According to the US Energy Information Administration's (EIA's) 2012 Energy Outlook, the unproved technically recoverable shale and tight oil resources in the US were estimated in 2010 at 33 billion barrels (bb), with recoverable shale gas resources about 480 trillion cubic feet (tcf). For the latter, it is worth mentioning that this level is almost half that reported (827 tcf) a year earlier. It is a further indication of the large uncertainties still associated with recoverable resource estimates.
US oil production is projected to increase from 6.41 mbd in 2012 to a projected 7.50 mbd in 2019. The growth results largely from a significant increase in onshore crude oil production, particularly from shale and other tight formations.
After about 2020, production begins declining gradually to 6.1 mbd by 2035 through to 2040 as producers develop sweet spots first and then move to less productive or less profitable drilling areas.
Oil imports are projected to decline from 65 percent of consumption in 2012 to 60 percent by 2019 before they resume their rise reaching 68 percent by 2035. This means that there is neither a chance for the United States ever to become self-sufficient in oil nor to overtake either Saudi Arabia or Russia in oil production. The fall of imports since 2009 reflected two things: a decline in domestic demand in the wake of the 2008-09 global financial crisis and increasing shale oil production.
The IEA said it saw US oil production rising to 10 mbd by 2015 and 11.1 mbd in 2020 before slipping to 9.2 mbd by 2035. Saudi Arabian oil output would be 10.9 mbd by 2015, the IEA said, 10.6 mbd in 2020 but would rise to 12.3 mbd by 2035.
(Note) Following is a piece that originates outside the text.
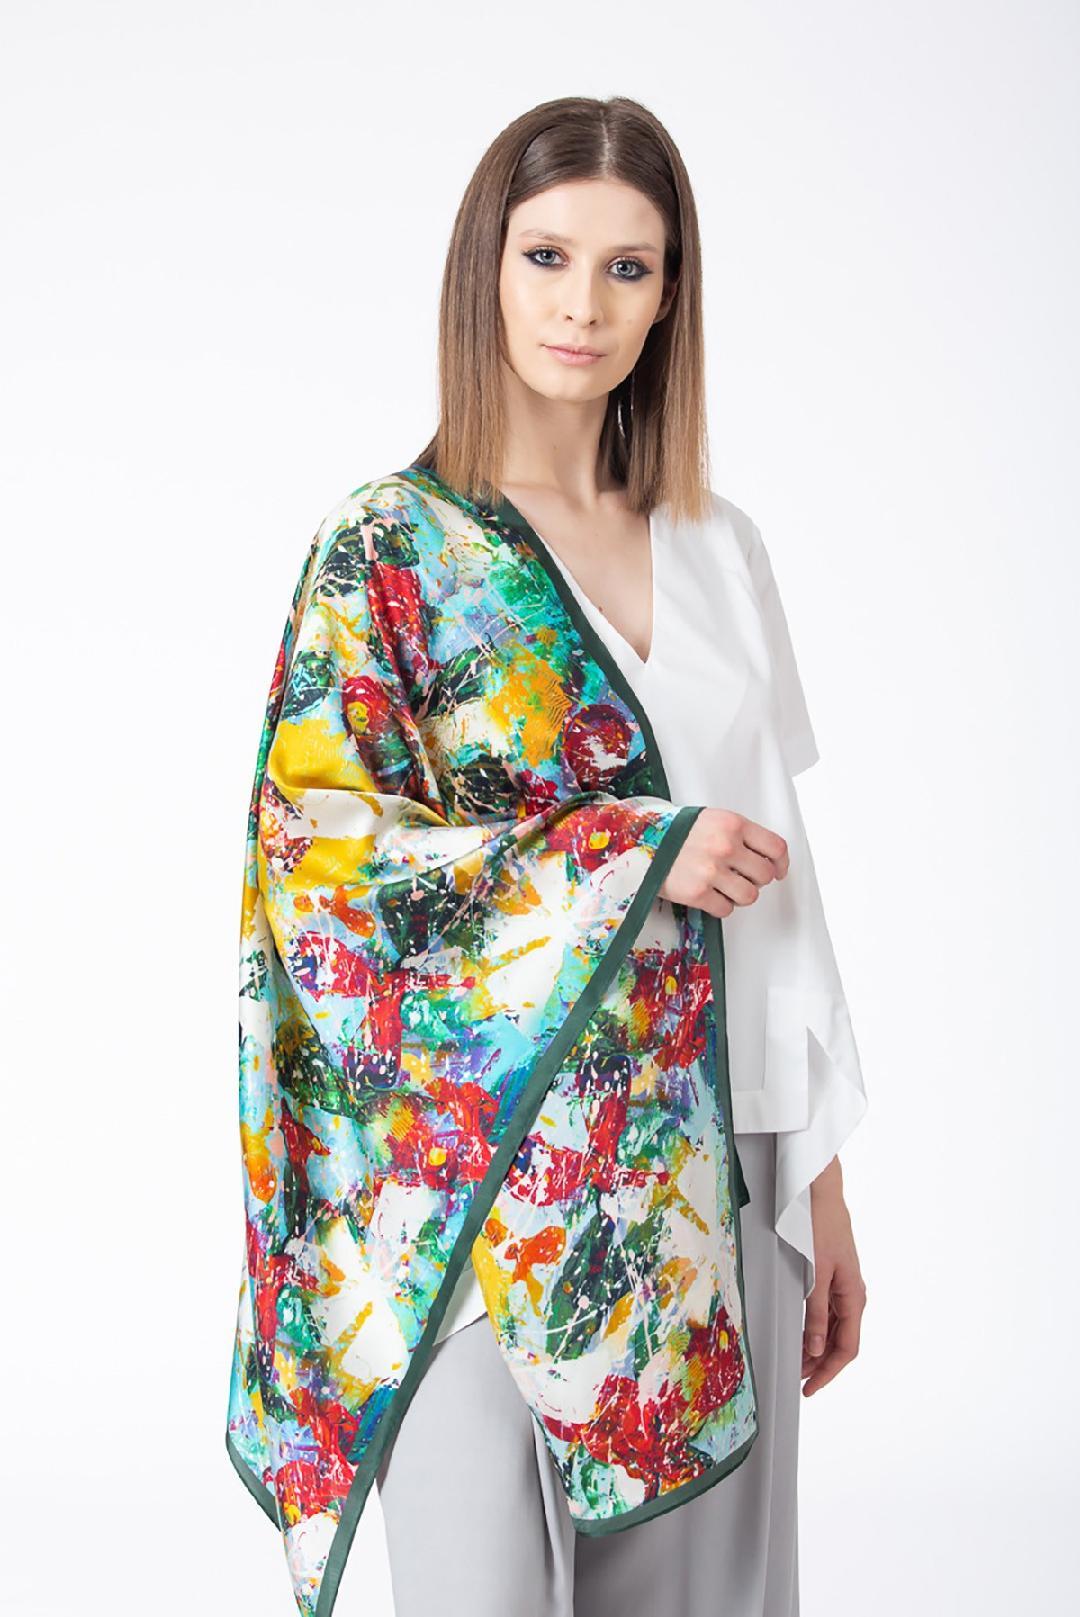 Andrea Tincu primavara-vara 2021: o colectie cu formula complexa, dar usor de purtat si de integrat intr-o garderoba cu spirit atemporal

Russian oil output, which over the past decade has been steadily above Saudi Arabia, is projected to stay flat at over 10 mbd until 2020, when it will start to decline to reach just above 9 mbd by 2035.
Allowing for the slow shale oil production and the steep depletion in US conventional oil production ranging from 3 percent-5 percent per annum, the projected US oil production by 2020 would amount to no more than 7.40 mbd, far less than the IEA projection of 11.10 mbd and far below the projected production of Saudi Arabia and Russia at 10.60 mbd and 10 mbd respectively.
Moreover, that level of shale oil production is probably sustainable for a couple of years because of the early peak and steep first year decline in shale production rates from new wells estimated between 70 percent and 90 percent.